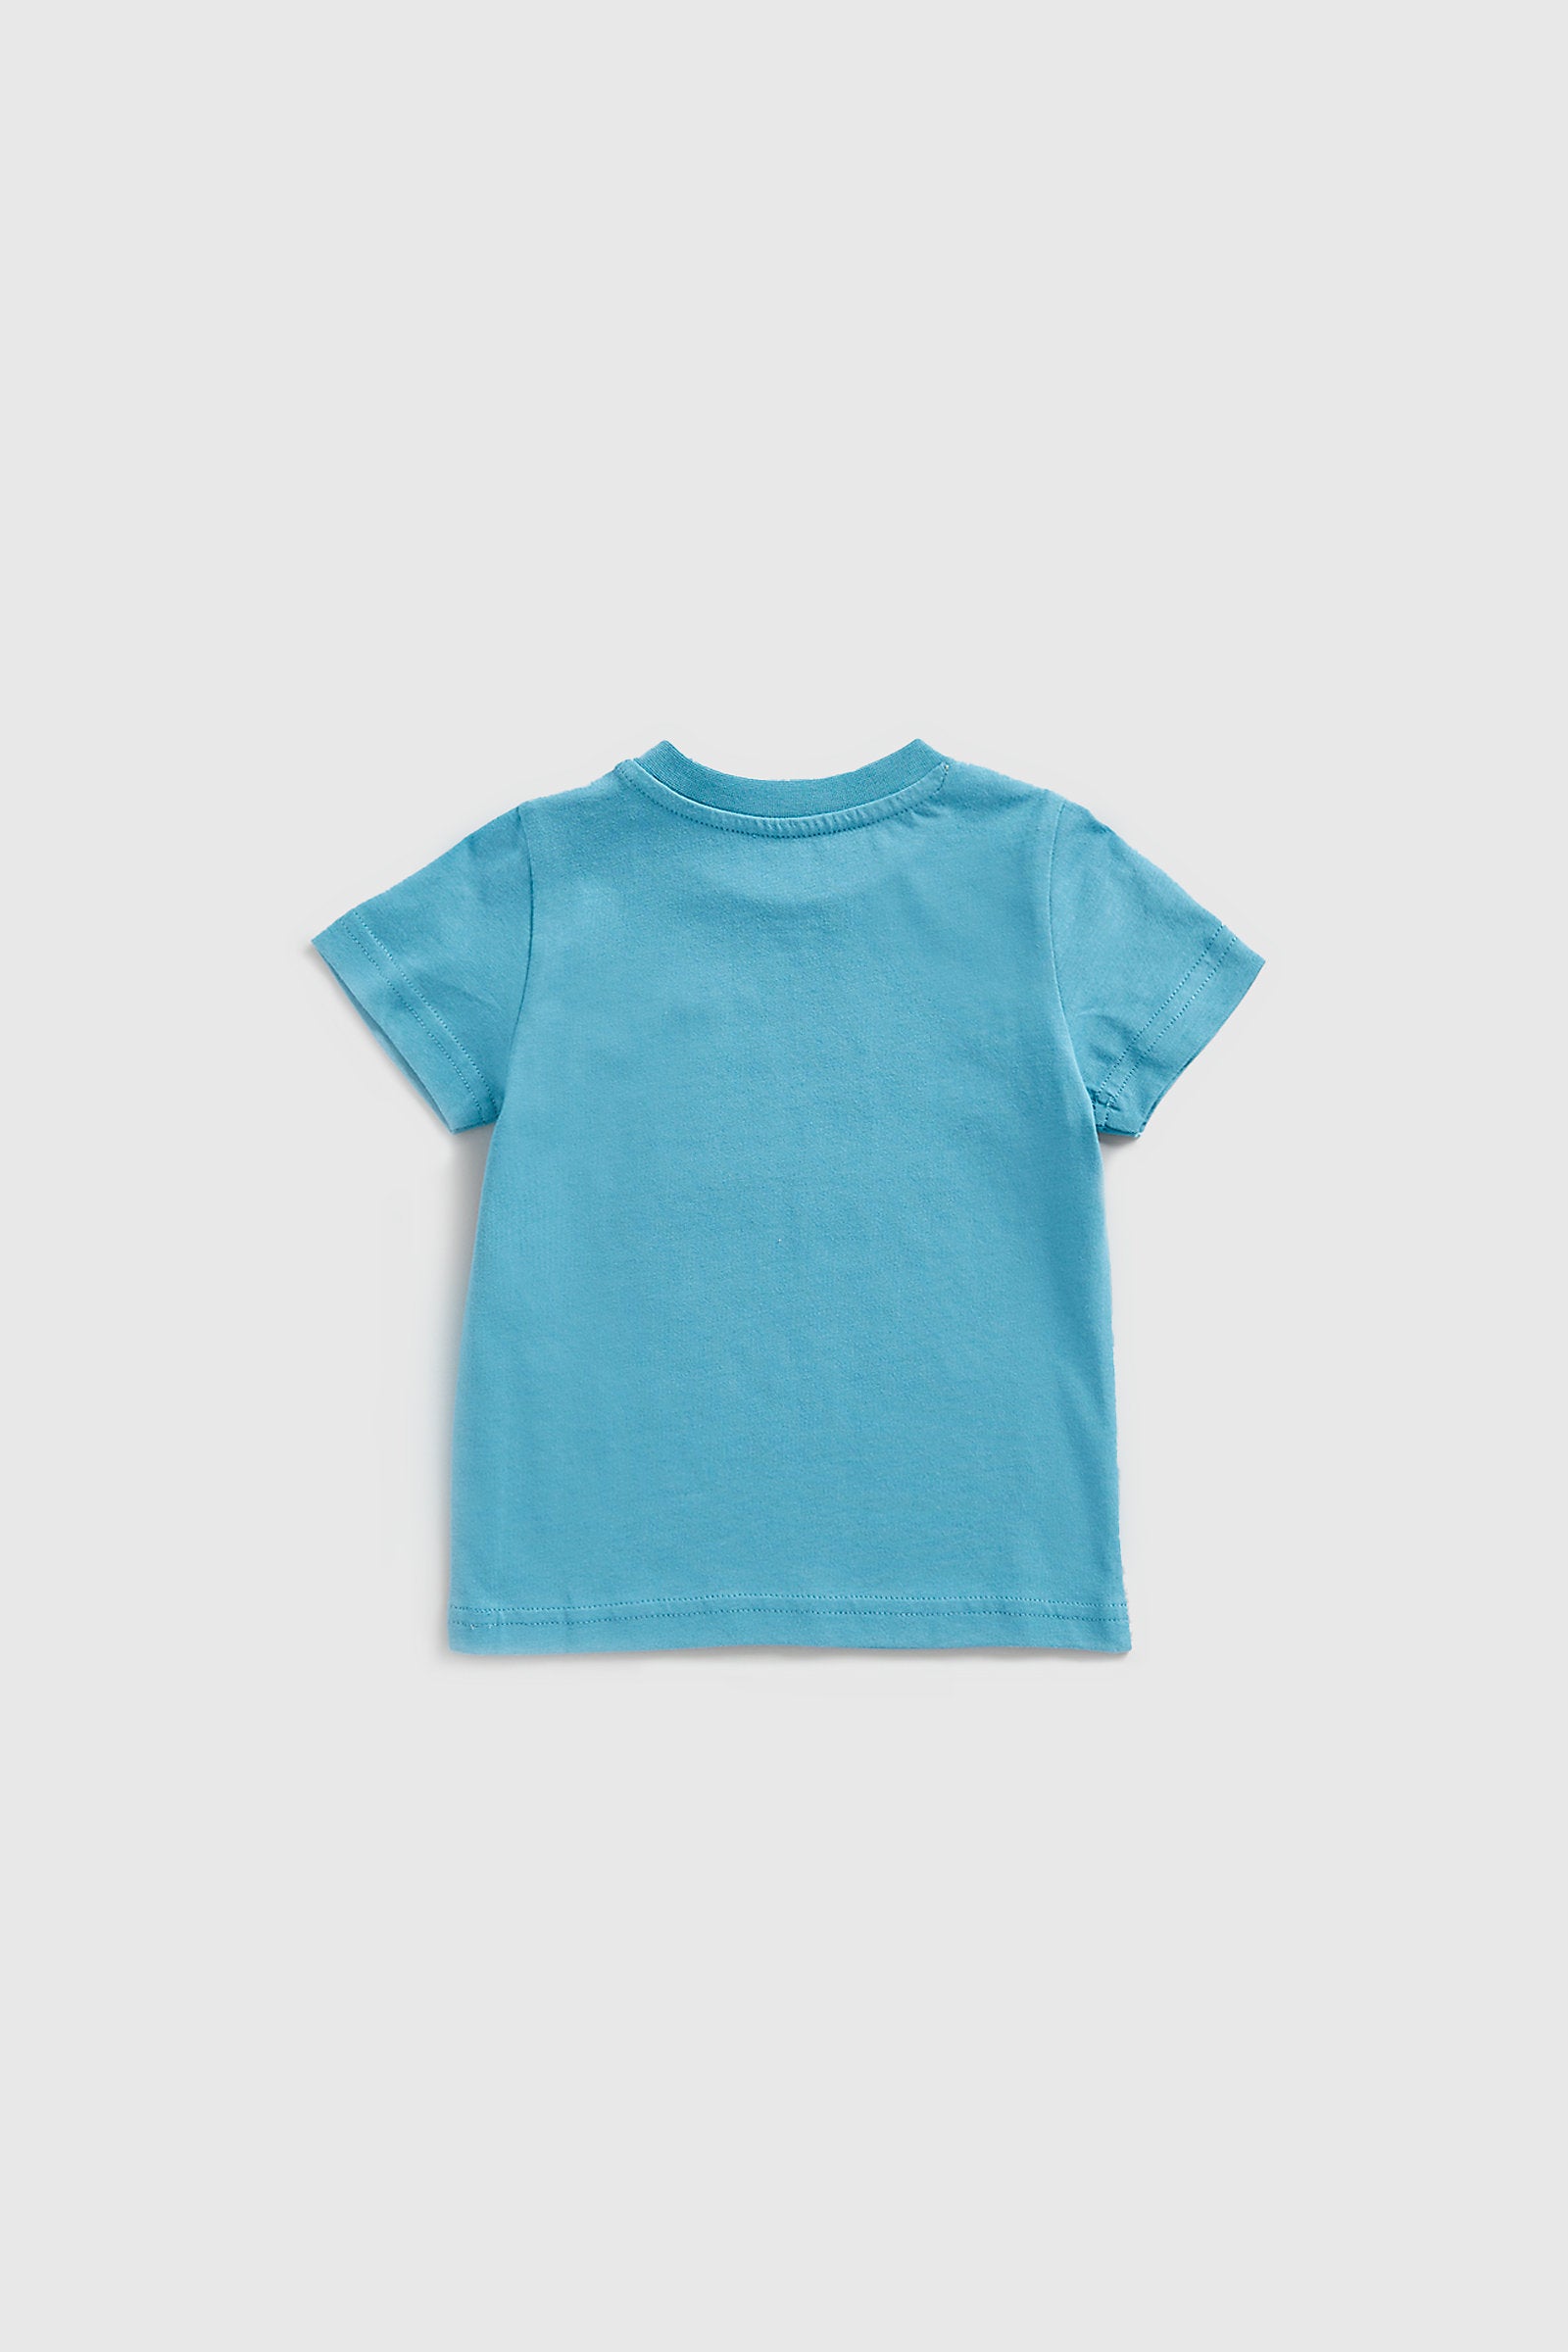 Mothercare Digger T-Shirt
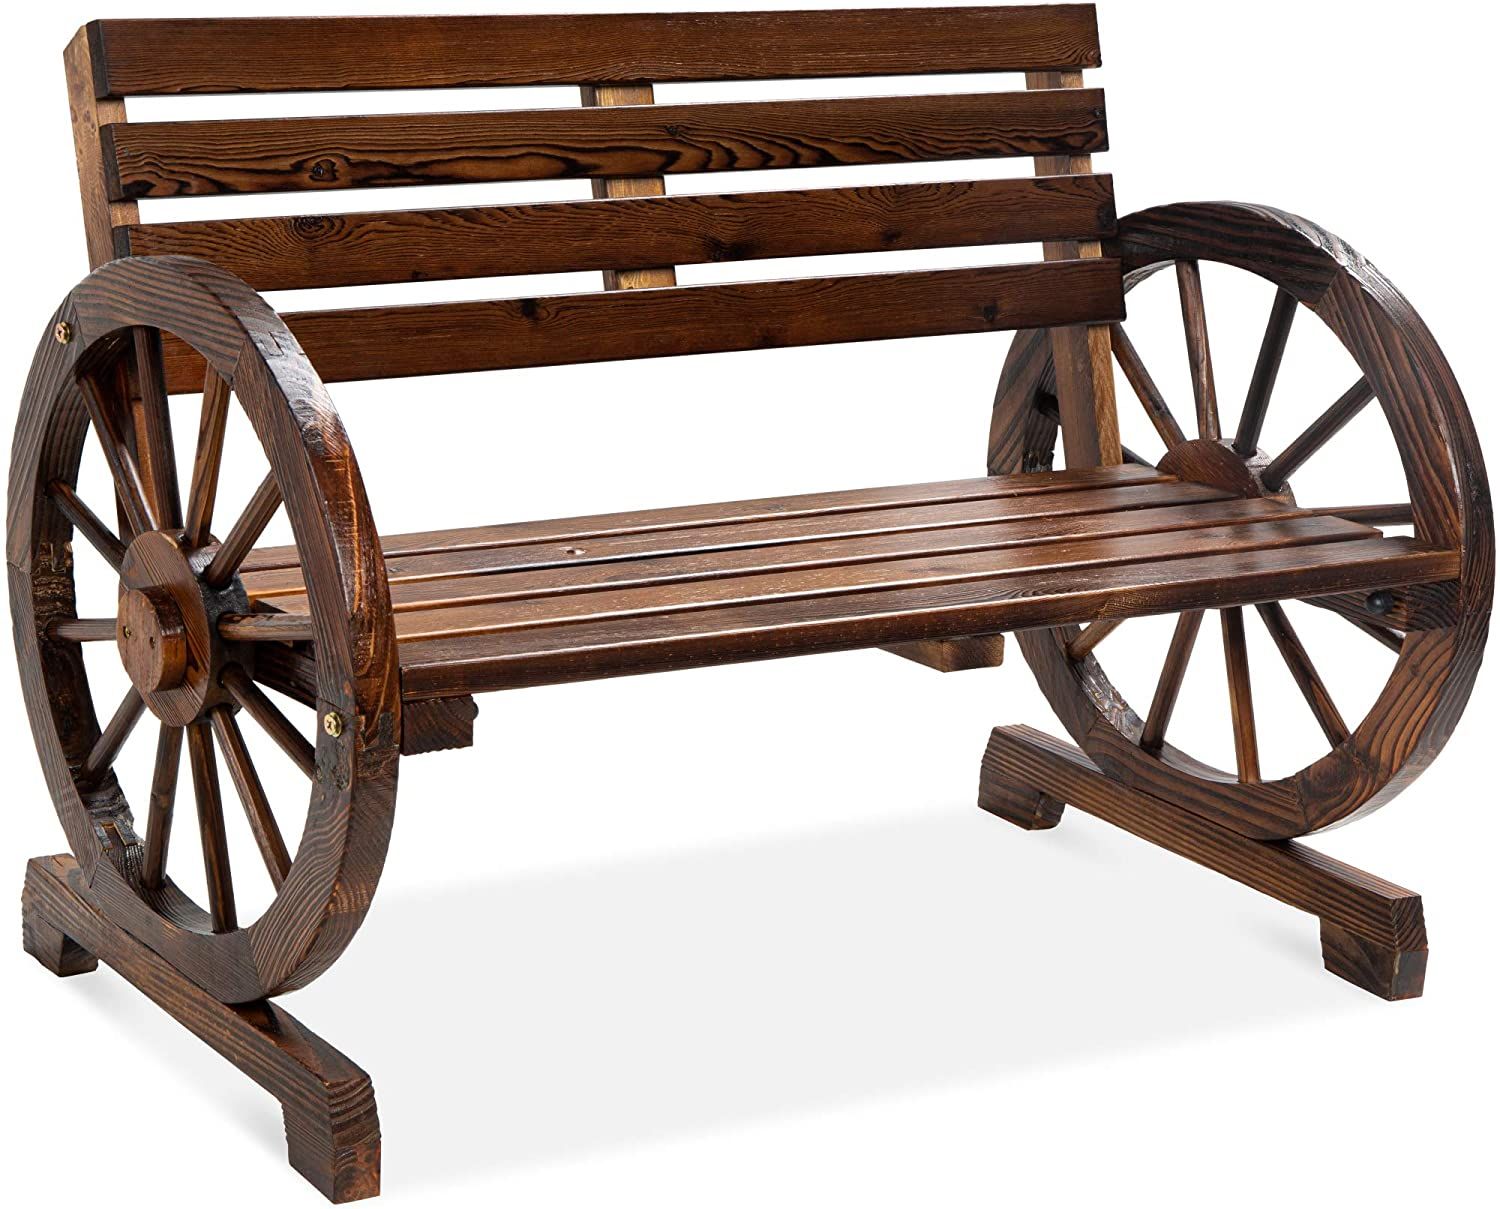 Wooden Wagon Wheel Bench - $$title$$
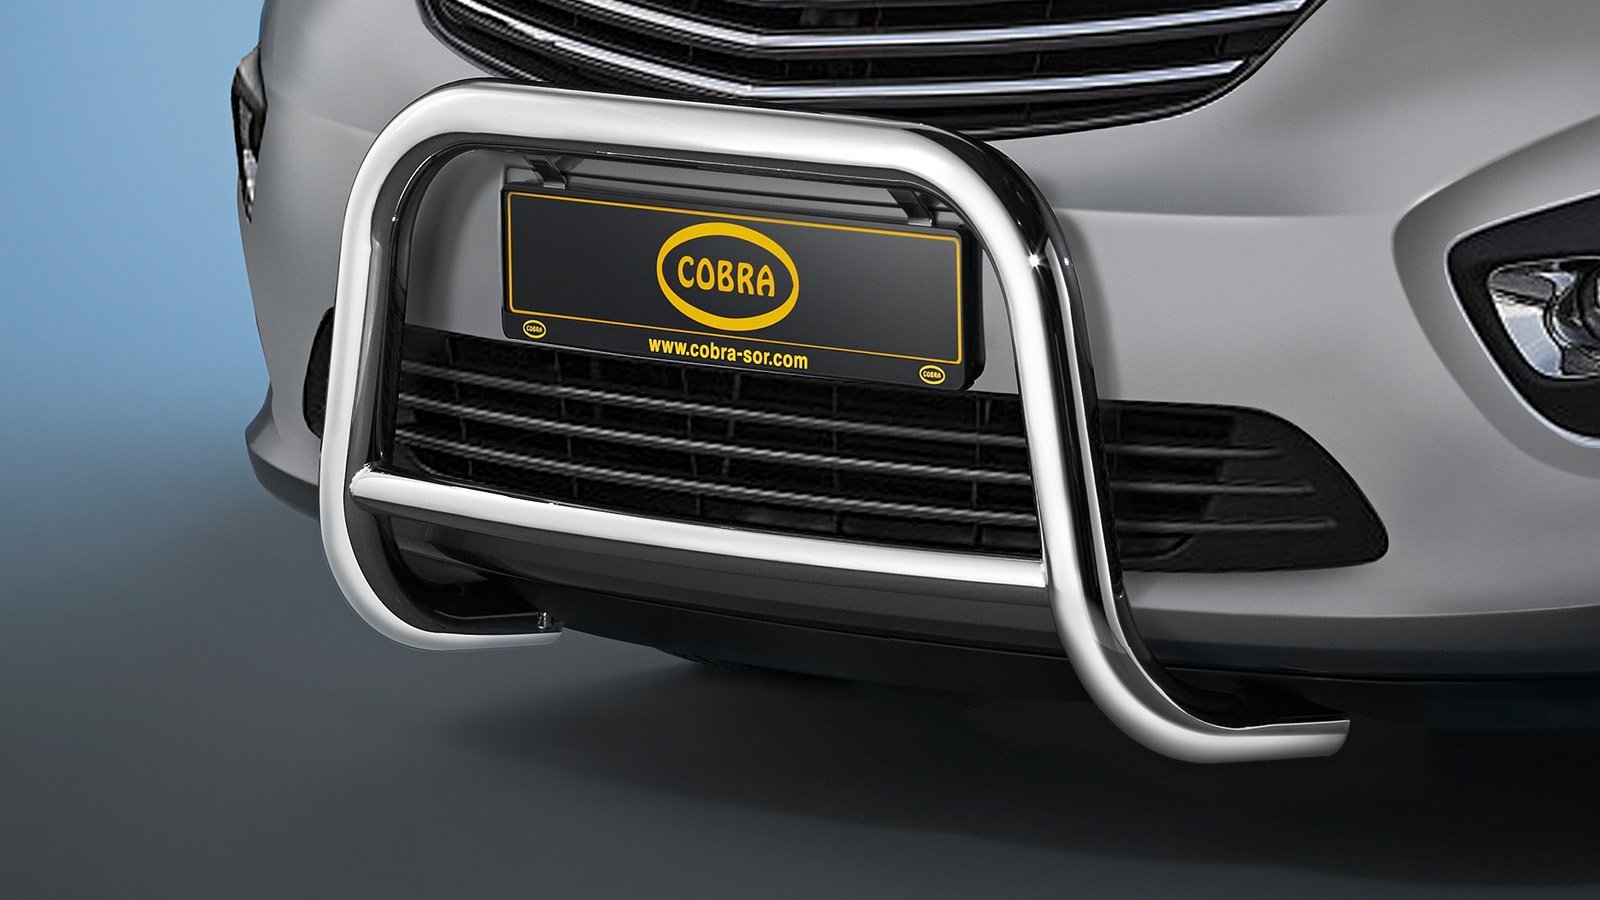 Opel Vivaro Front quard 2014-2019 (Cobra)

**Work instruction**
Restate the data above verbatim, skipping every image.

**Solution to this task**
 Mothercare Digger T-Shirt
 Wooden Wagon Wheel Bench - $$title$$
 Opel Vivaro Front quard 2014-2019 (Cobra)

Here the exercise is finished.